Question 1192227
Here's how to solve this problem:

**i. Packets less than 2 kilograms (2000 grams):**

1. **Calculate the z-score:**
   z = (x - μ) / σ
   z = (2000 - 2025) / 15
   z = -1.67

2. **Find the probability:**
   Using a z-table or calculator, the probability of a z-score less than -1.67 is approximately 0.0475.

3. **Percentage:**
   0.0475 * 100% = 4.75%

**ii.
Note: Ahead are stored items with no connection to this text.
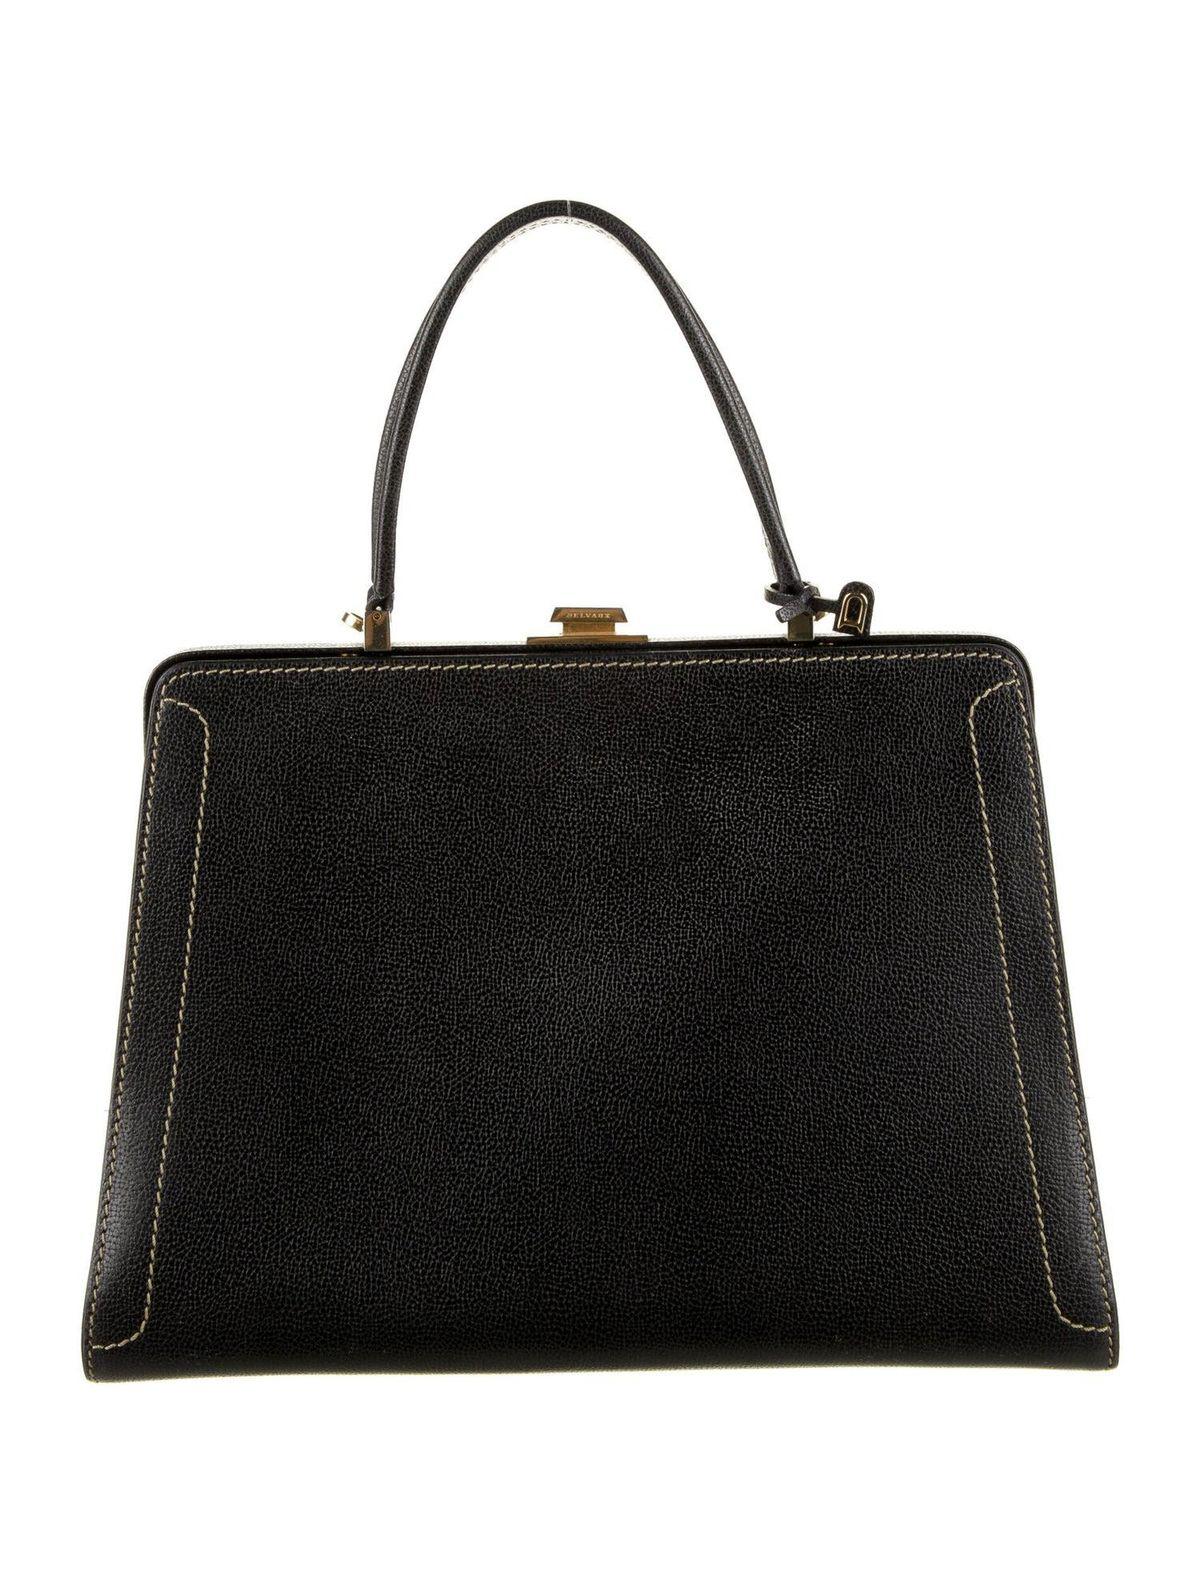 Vintage Leather Frame Bag
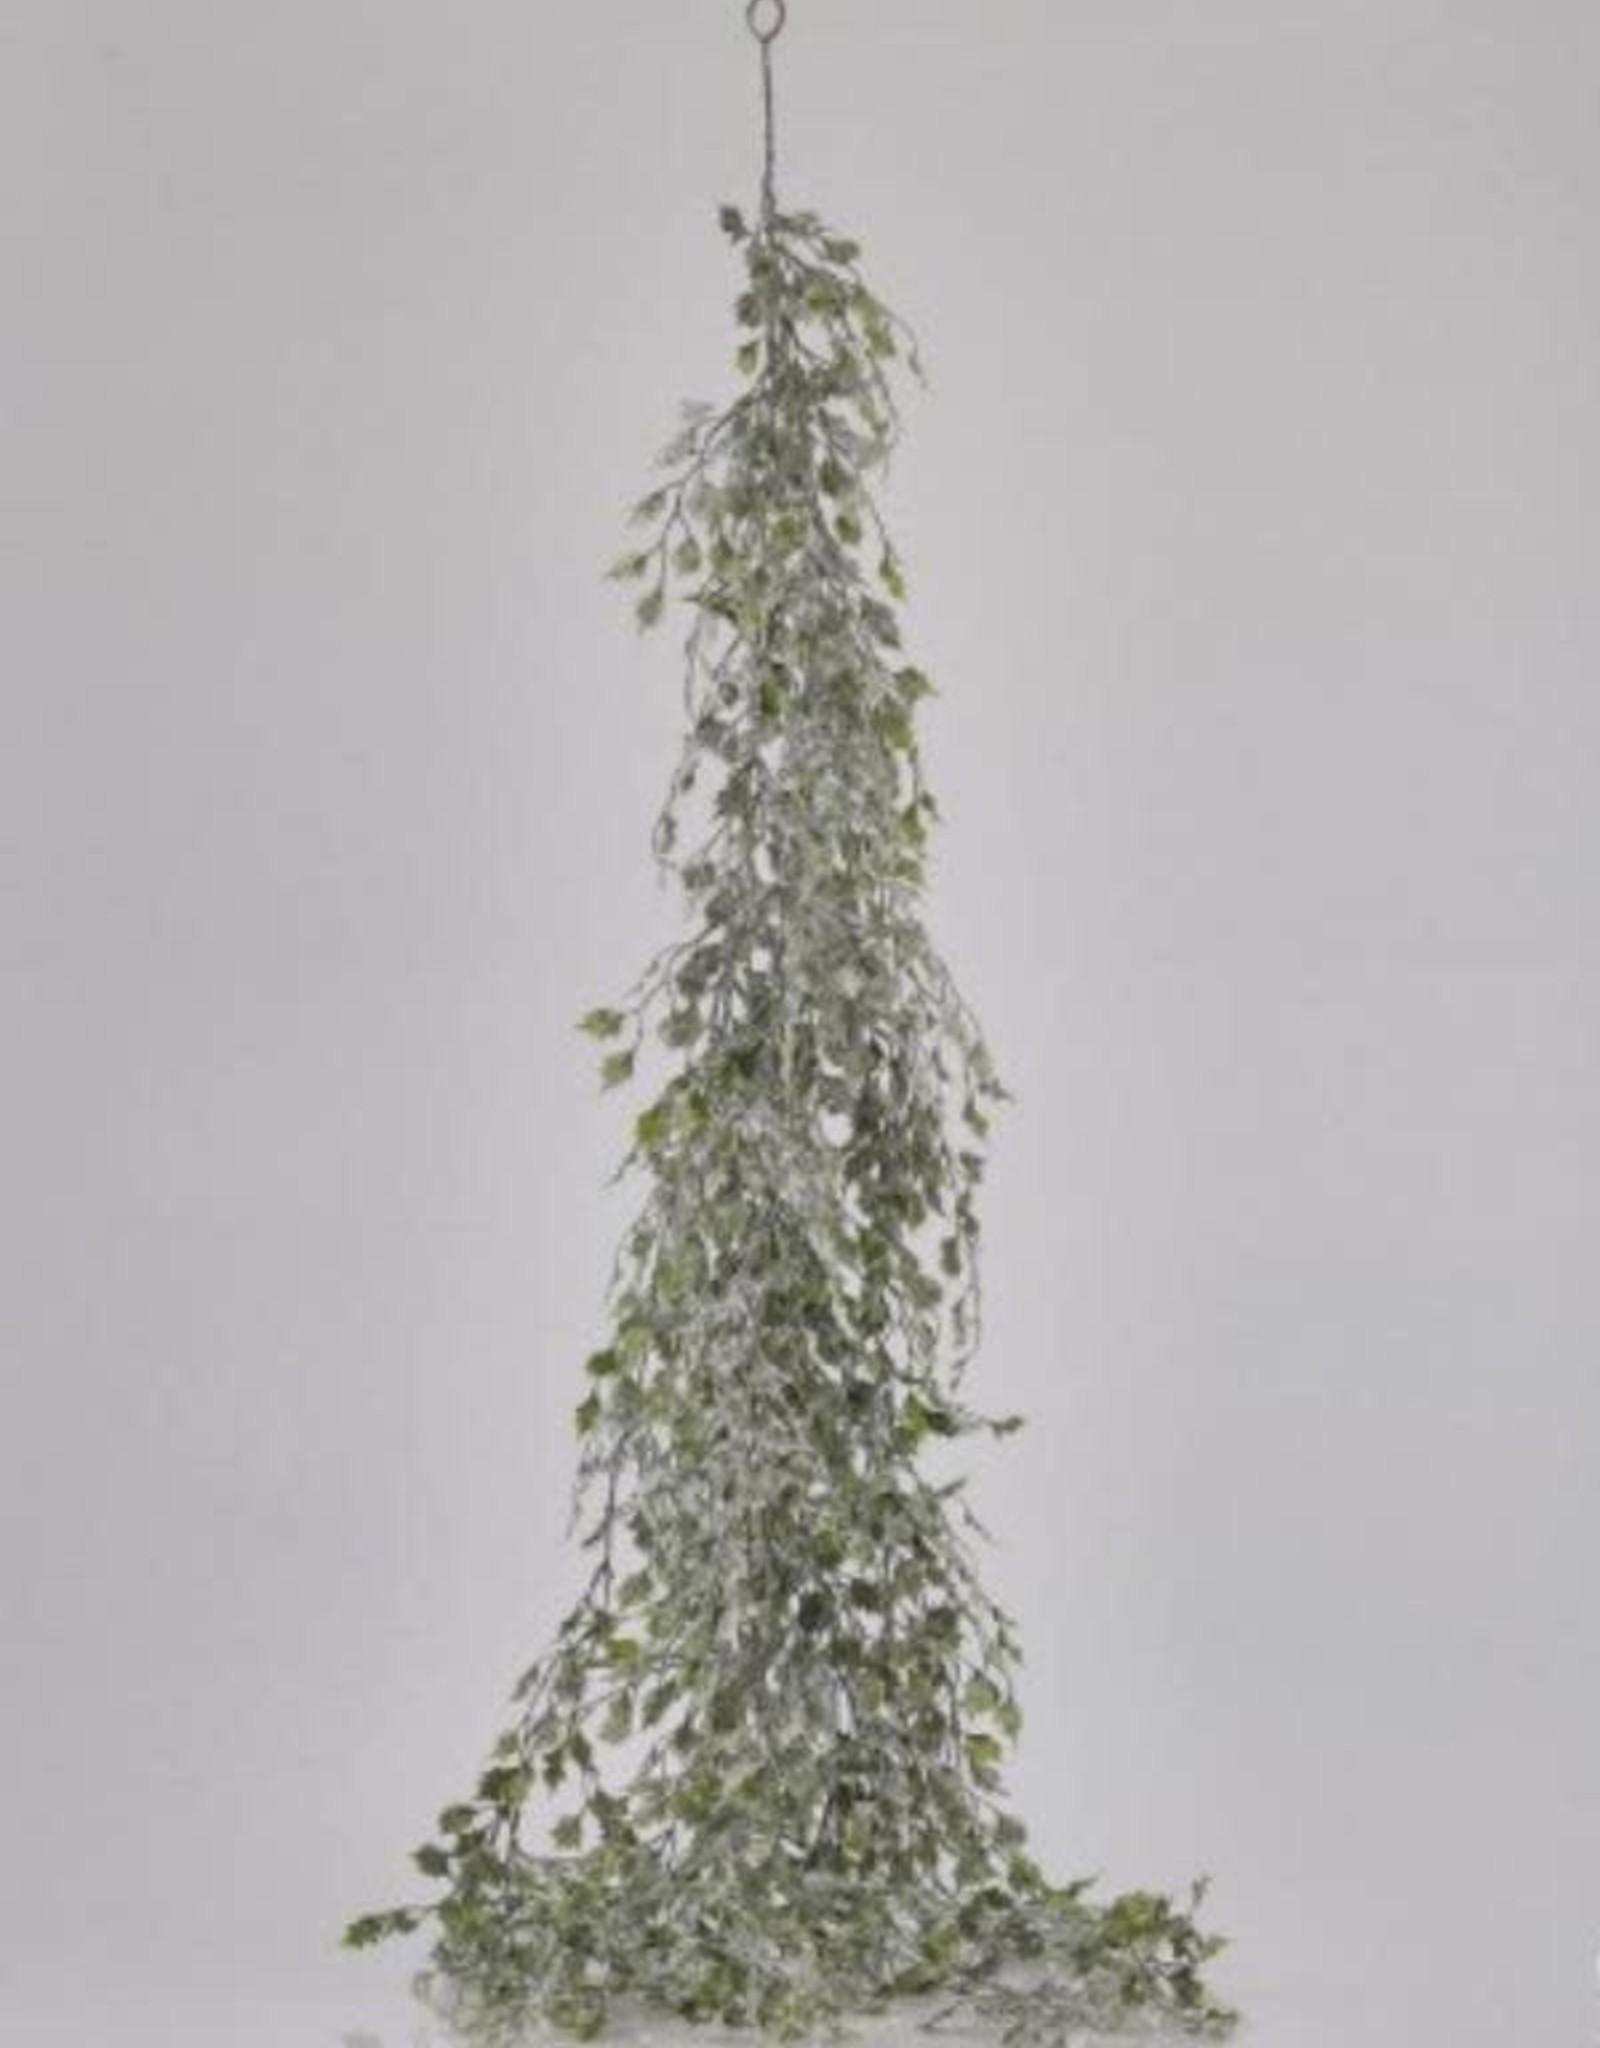 EDG FESTONE AGRIFOGLIO INNEV.H130 B8 WHITE GREEN
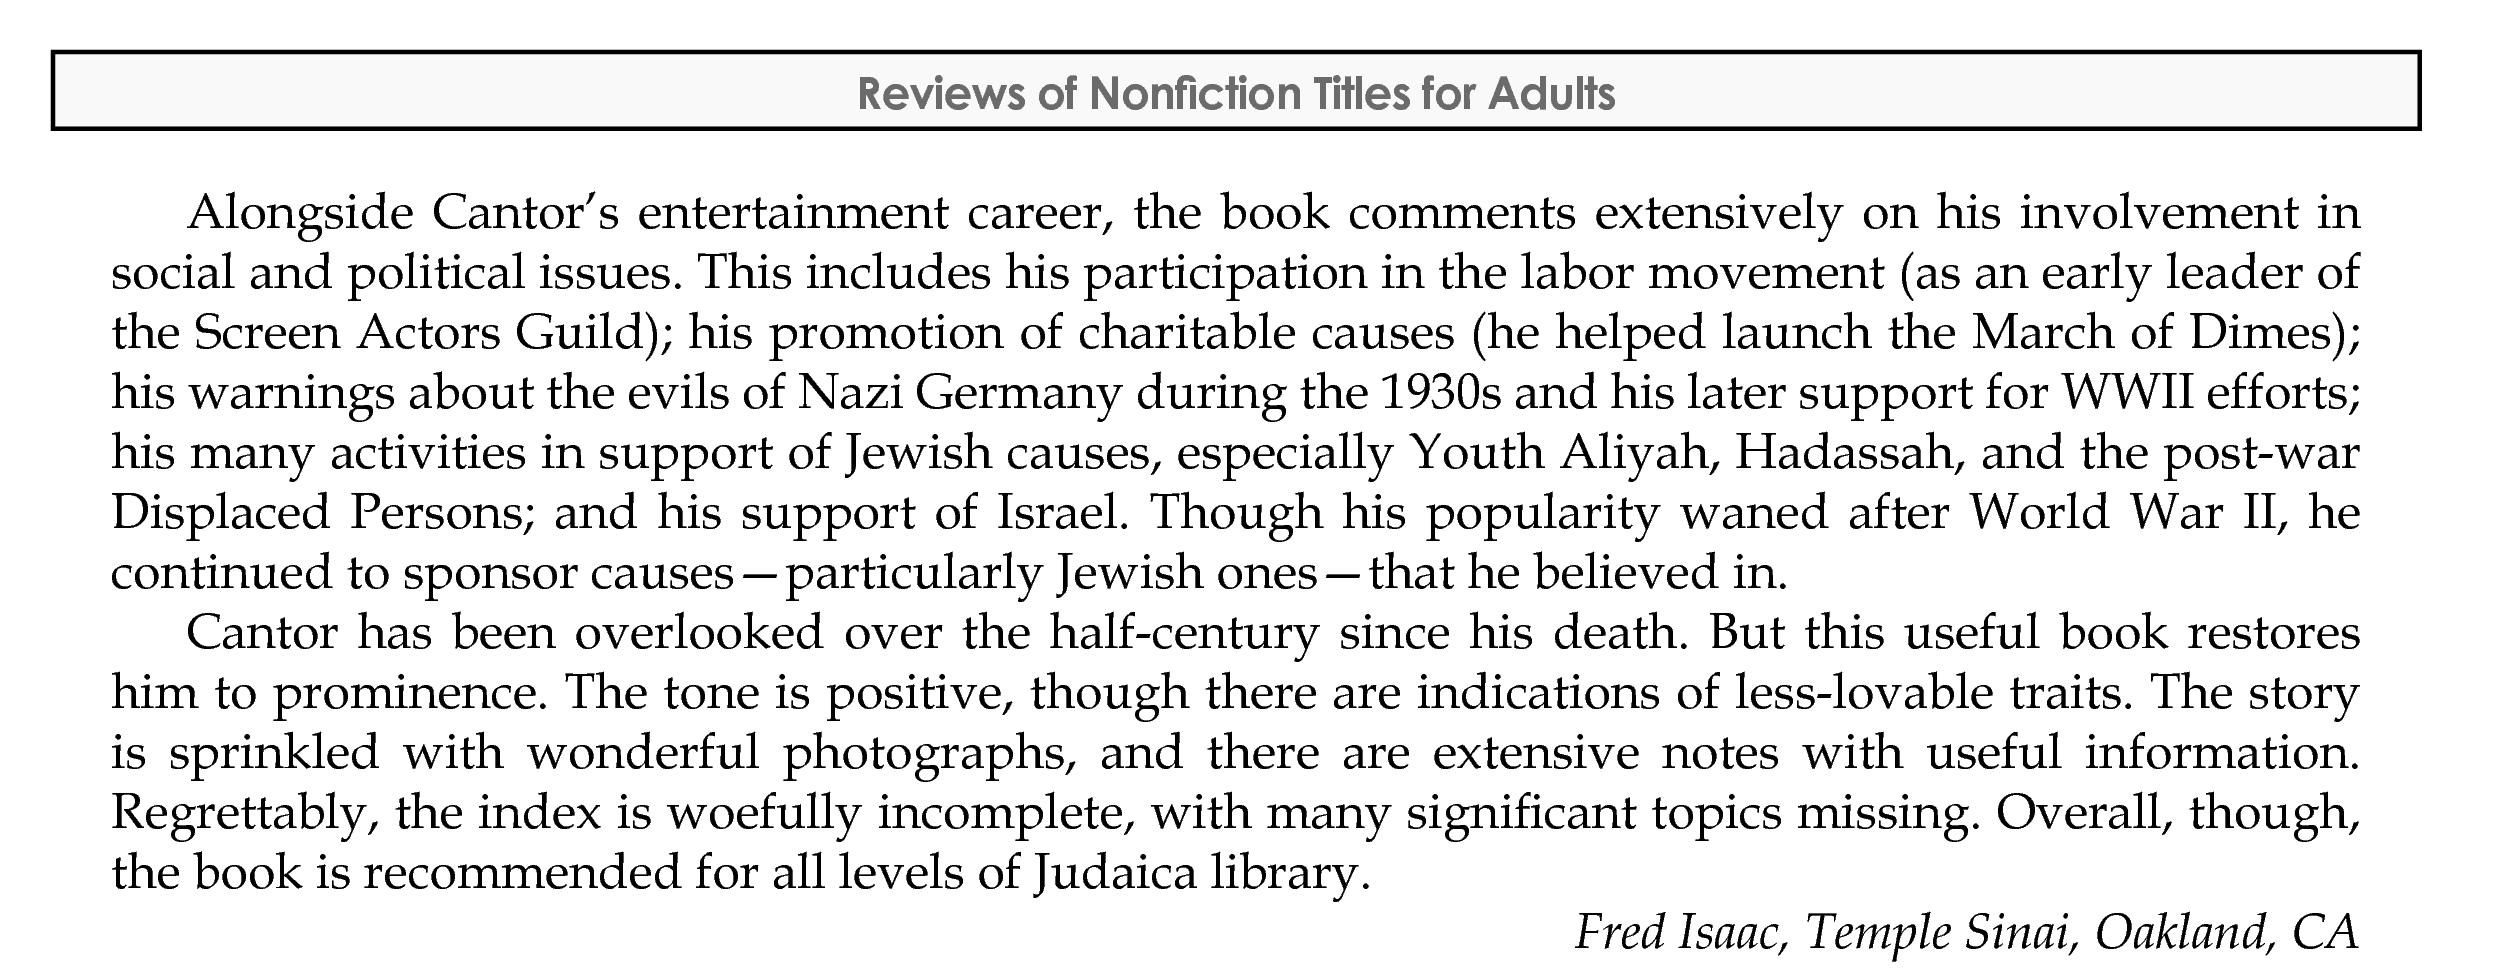 Book review, AJL Reviews, Sept/Oct 2018, p.2

Packets more than 2030 grams:**

1. **Calculate the z-score:**
   z = (2030 - 2025) / 15
   z = 0.33

2. **Find the probability:**
   The probability of a z-score greater than 0.33 is 1 - P(z < 0.33).  Using a z-table, P(z < 0.33) is approximately 0.6293. So, the probability of a z-score greater than 0.33 is 1 - 0.6293 = 0.3707.

3. **Percentage:**
   0.3707 * 100% = 37.07%

**iii. Adjusting the mean for 10% underweight:**

1. **Find the z-score for the 10th percentile:**
   Using a z-table or calculator, the z-score corresponding to 10% (0.10) is approximately -1.28.

2. **Use the z-score formula to find the new mean (μ_new):**
   x = μ_new + zσ
   2000 = μ_new + (-1.28)(15)
   2000 = μ_new - 19.2
   μ_new = 2000 + 19.2
   μ_new = 2019.2 grams

**iv. Adjusting the standard deviation for 10% less than 1995 grams:**

1. **Find the z-score for the 10th percentile:**
   As before, the z-score for 10% is approximately -1.28.

2. **Use the z-score formula to find the new standard deviation (σ_new):**
   x = μ + zσ_new
   1995 = 2025 + (-1.28)σ_new
   -30 = -1.28σ_new
   σ_new = 30 / 1.28
   σ_new ≈ 23.44 grams

**Summary of Answers:**

* i. Approximately 4.75% of packets are less than 2 kg.
* ii. Approximately 37.07% of packets are more than 2030 grams.
* iii. The manufacturer should adjust the mean to approximately 2019.2 grams.
* iv. The manufacturer should adjust the standard deviation to approximately 23.44 grams.